Again, I’m not interested in “spiritual” meanings. I want to know what the text says for itself.
And now Psalms … oh yes, the Psalms! If there is one book that has been pillaged to kingdom come by christians looking for messianic prophecies, it is this one. But the vast majority of claims made from this book, if not all of them, are not messianic prophecies. Some whole chapters that christians put so much emphasis on have no sign, on their own, that they are prophecies at all. Like Psalm 22, where, from how the text looks, it just has the writer describing his own difficulties. And yet, because of the mistranslation of one verse, christian take it differently.

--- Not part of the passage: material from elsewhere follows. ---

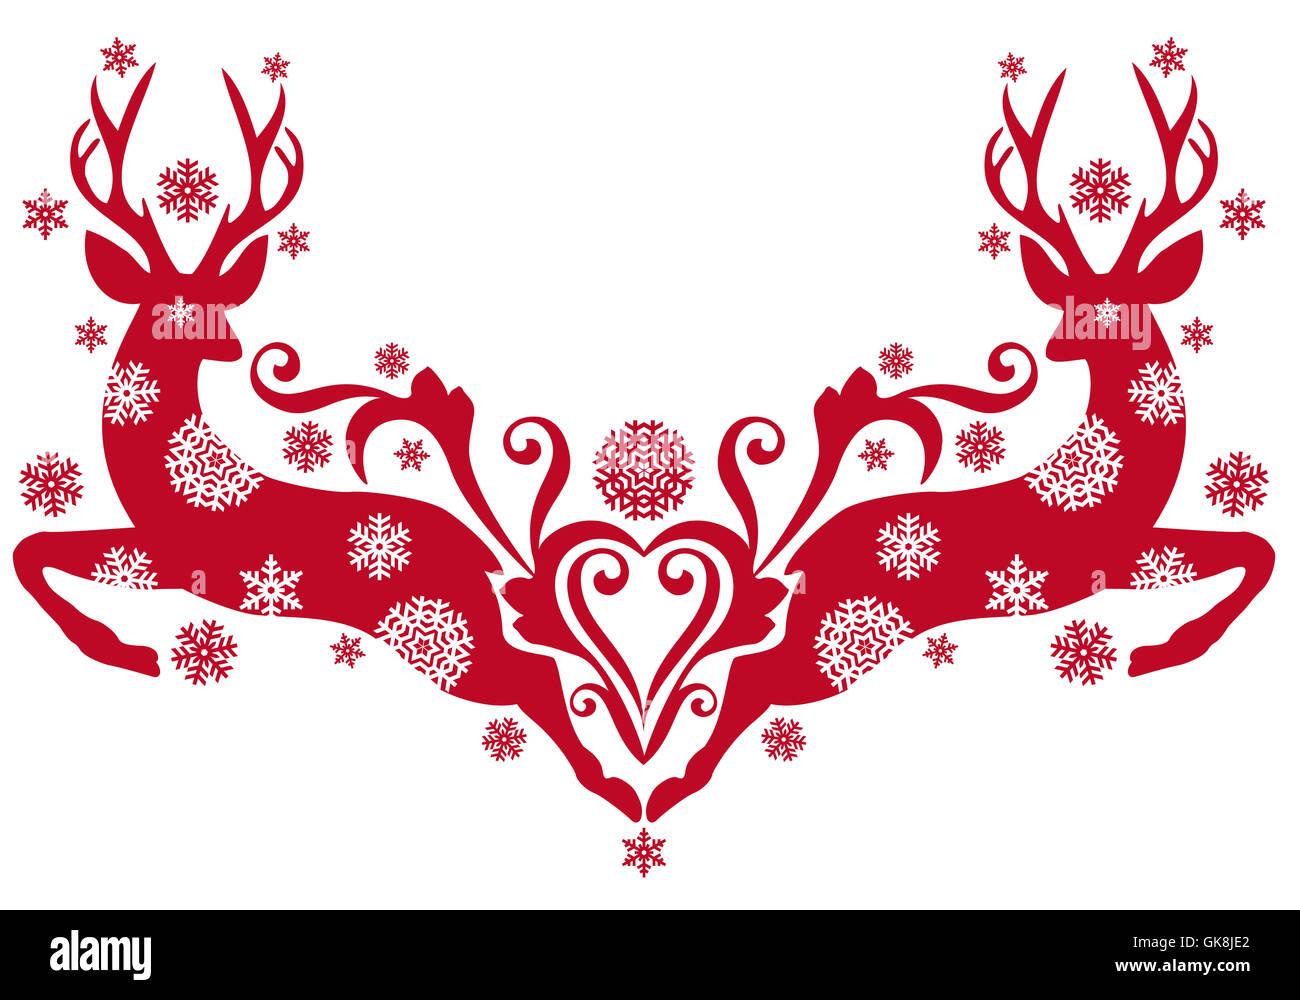 Natale cervi fiocco di neve Immagini Stock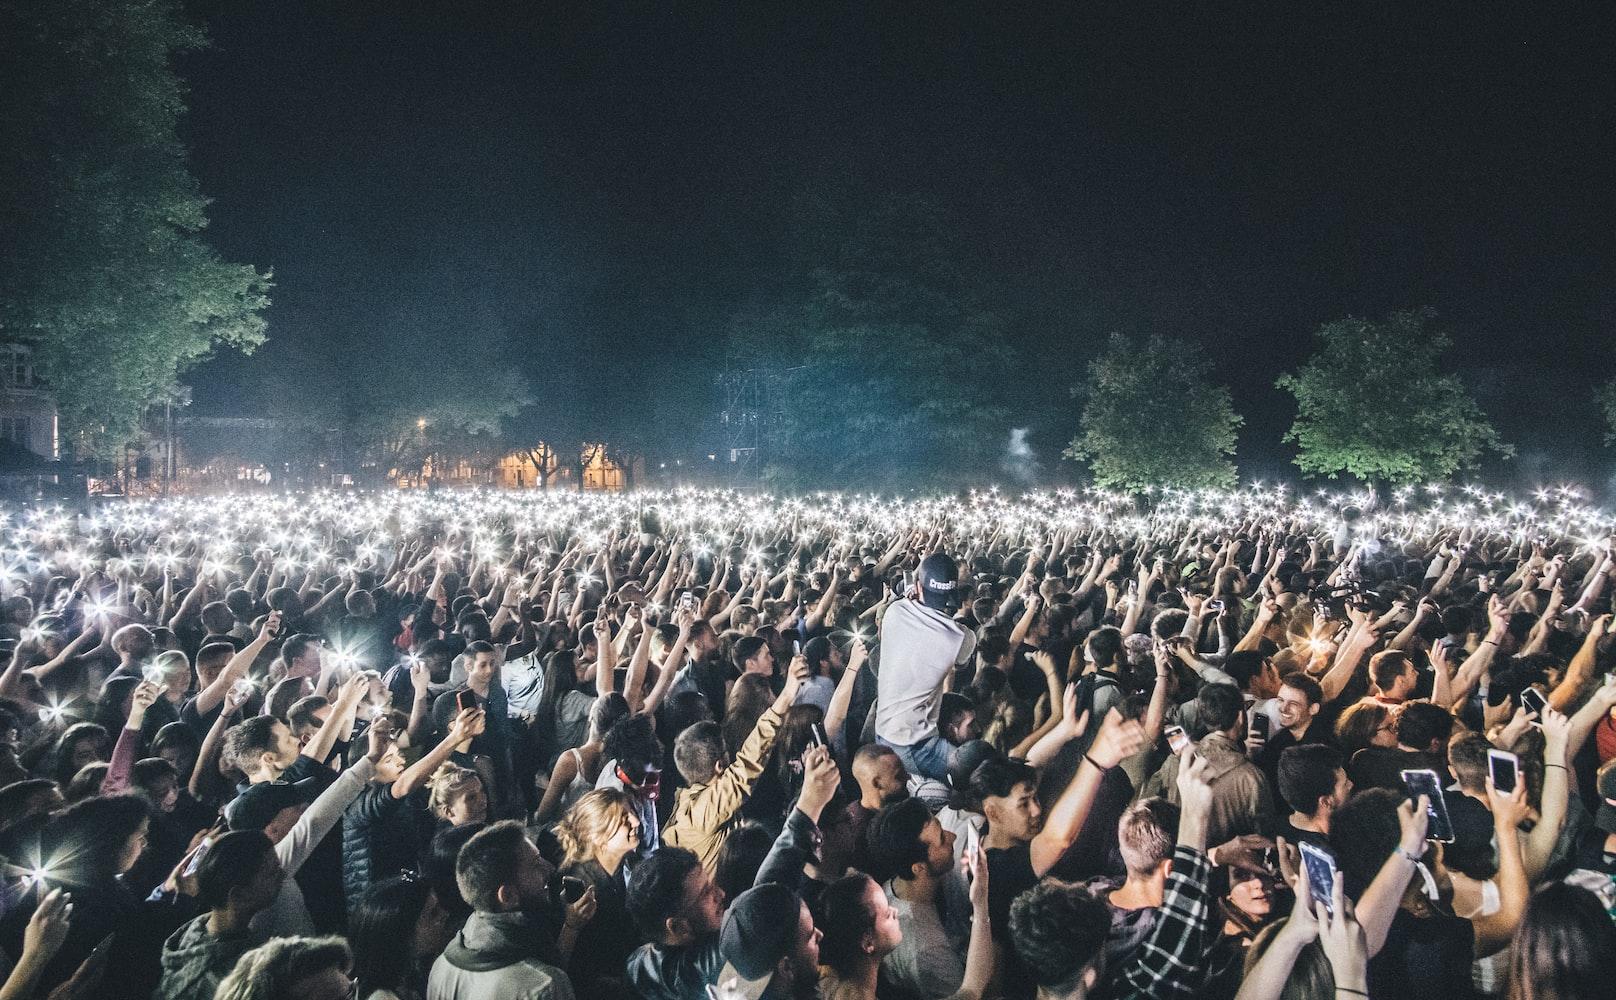 Las 8 mejores actividades en la Provenza - festival de música

But the whole chapter says absolutely nothing about it referring to a messiah, says nothing about rulership, says nothing that points out one individual, so it’s not a messianic prophecy. Most of it is in the past tense referring to the past.
Look, at the root of all issues with Psalms is one thing: it’s a book of songs. Yes, a book of songs! This book was written as a means of worship so that the Levites could sing it at the temple or so that the worshipper could relate to its words as they pray to or praise God. Remember, it is a book of songs that uses poetic language and hyperbole (a form of over-exaggeration) and metaphor and simile. If there is one place you should not turn to for a strong messianic prophecy, it is here. Can you imagine it? You got a person and say, show me prophecy, and they turned and say, let me just get my songbook? Why not the words of the prophets? Why a songbook? That’s the wrong place, wrong context for prophecy.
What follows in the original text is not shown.